Know Your Bones & Joints

Just saw on Straits Times that there is a new book called Know Your Bones And Joints.

It is writen by an Singapore orthopaedic surgeon and it aimed to provide a comprehensive guide to the prevention of bone and joint problems. Besides describing the causes and treatment options for each orthopaedic condition, the book also elaborates on how each condition can be avoided or delayed.
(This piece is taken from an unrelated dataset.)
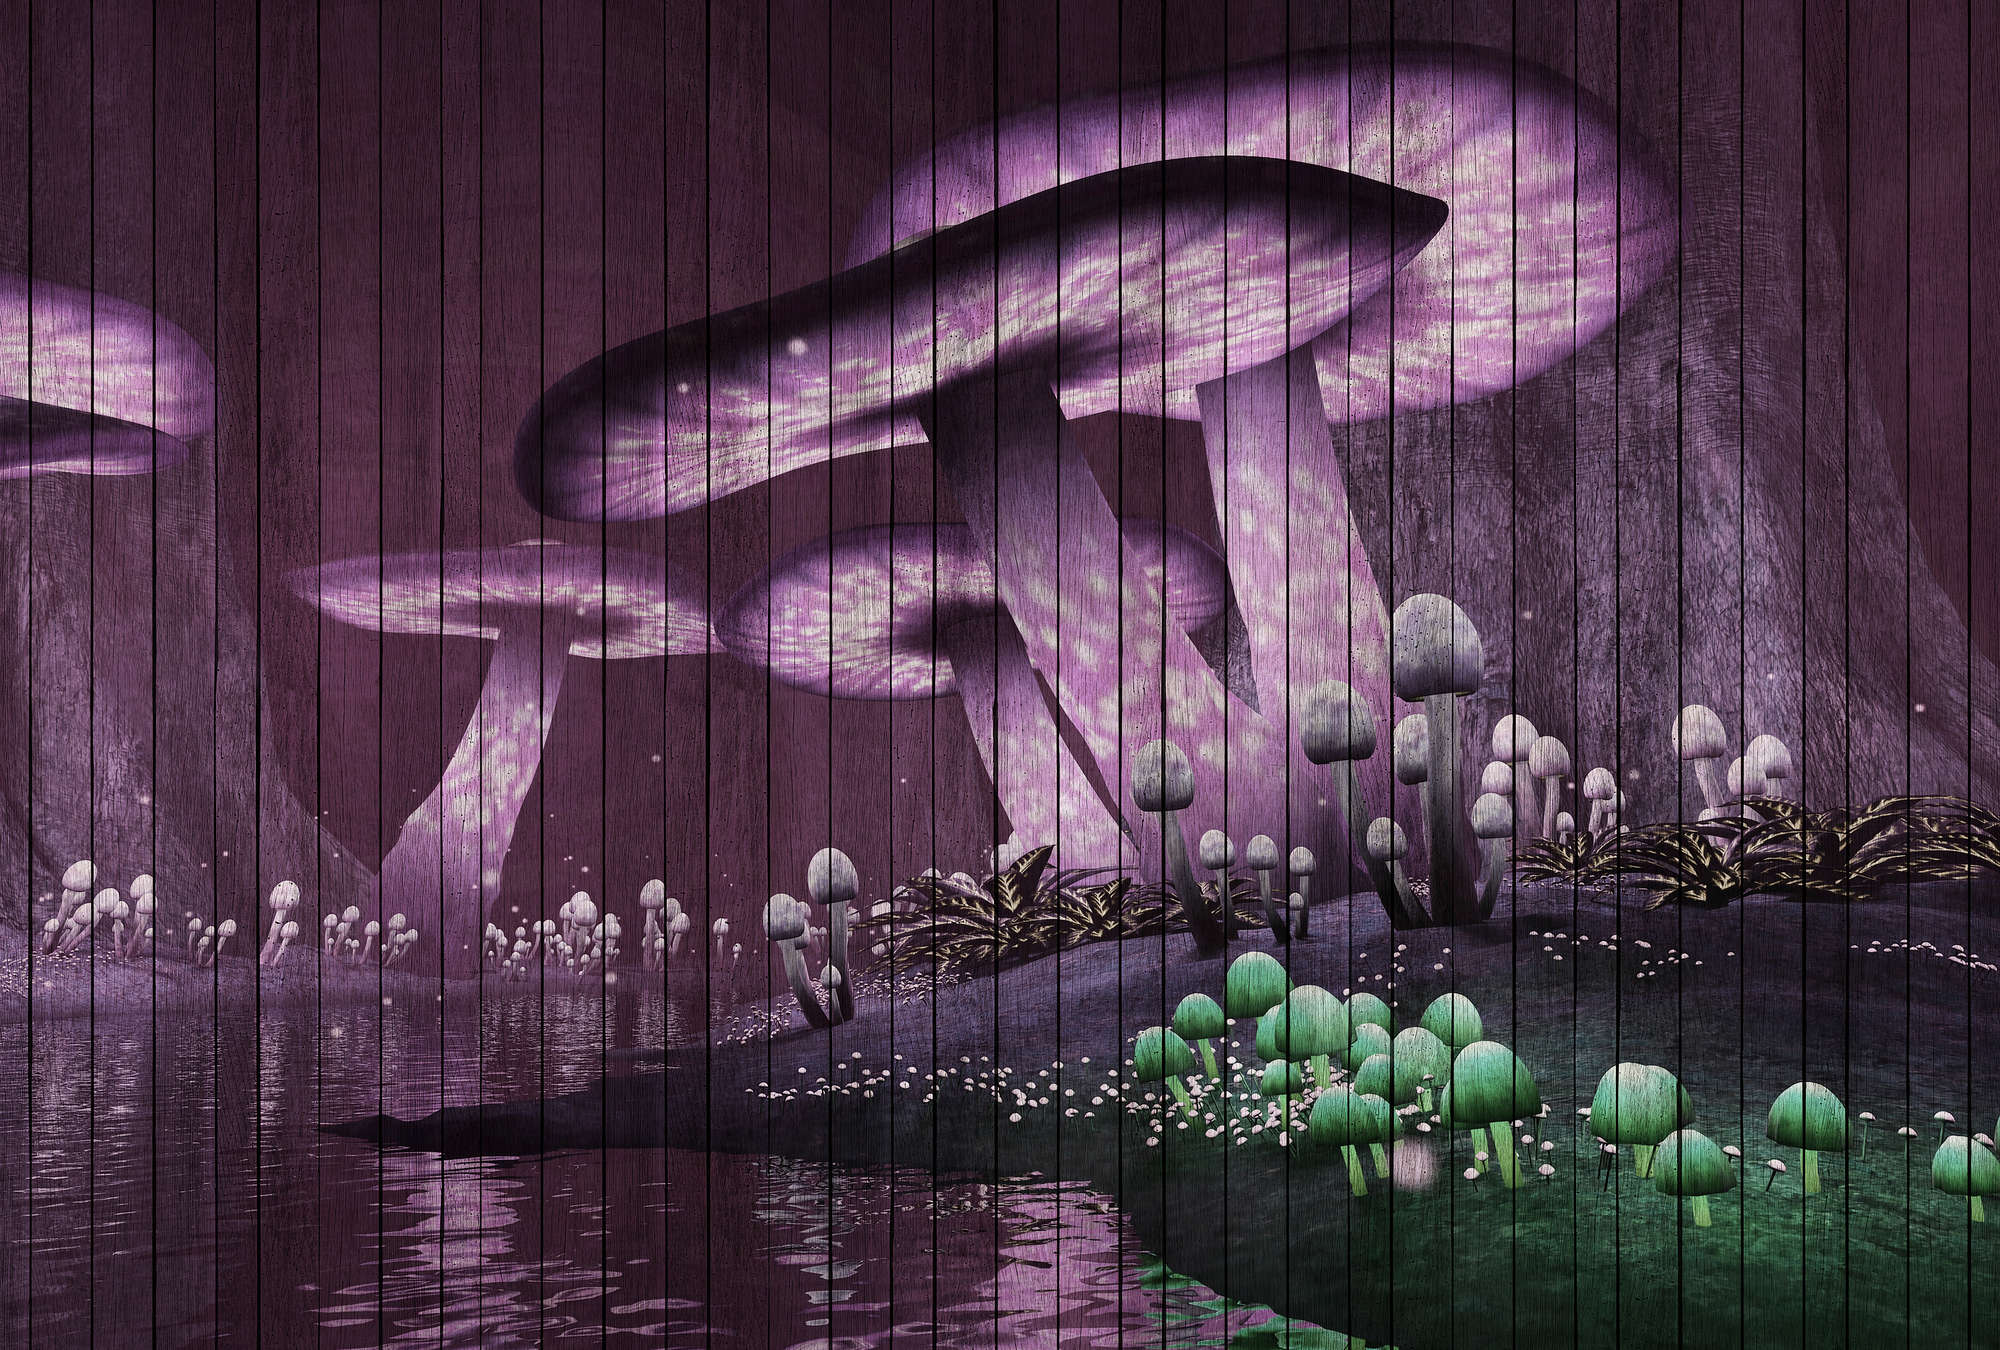             Fantasy 2 - Fototapete magischer Wald mit Holzpaneele Struktur – Grün, Violett | Premium Glattvlies

Sounds like a good entry level educational book for injury prevention. I think I will buy it not only because I believe "prevention is better than cure", but also because it claims that proceeds from its sales will be donated to the Straites Times School Pocket Money Fund and the Assisi Hospice. So I can lend it to my client for extra info and do some charity at the same time.

Monday, August 04, 2008

Pilates on AsiaOne

Joe from Option Studio shared with me this article on AsiaOne. It gives a great concise introduction about Pilates as well as three informative videos. My favourite video is "Armchair Pilates".


Enjoy!

Saturday, August 02, 2008

Sleeping Posture during Pregnancy

Went to Focus Pilates today to sign up for another teaching course. It is now a great time to take up courses since they charge in USD. I saved few hundred dollars compared to 2 years ago!

As we catched up, Daniel from Focus reminded me to sleep on my left side, as I a
m now into the 5th month of pregnancy. In fact most of the pregnancy info site will give the same advice too. But few of them ever explain why should you sleep on your side and avoid sleeping on the back during pregnancy, making some pregnant ladies all paranoid about their sleep posture. I even saw a message on a forum from a mom-to-be, saying that she was so afraid to accidentally sleep on her back and harm her baby thus ended up having countless sleepless nights!

It is adviced to avoid sleeping on the back, but sleep on the side instead, because from 4th month of pregnancy, the weight of the growing baby will be pressing on the vena cava (the large vein running next to the spine that returns oxygen depleted blood to the heart) when the mother sleep on her back. This may caused discomfort to the mother and cutting down blood supply to the growing baby. As the vena cava is located on the right to the spine, sleeping on the left side will have the least amont of pressure on it. However, sleeping on the back occasionally or unintentionally (especially during your deep sleep when you can't really control your posture) is not fatal to the baby. Our body design is highly intelligent and if you "accidentally" sleep on your back, you will probably be awaken by the discomfort and forced to change your posture. So just relax and try to get some worry-free sleep.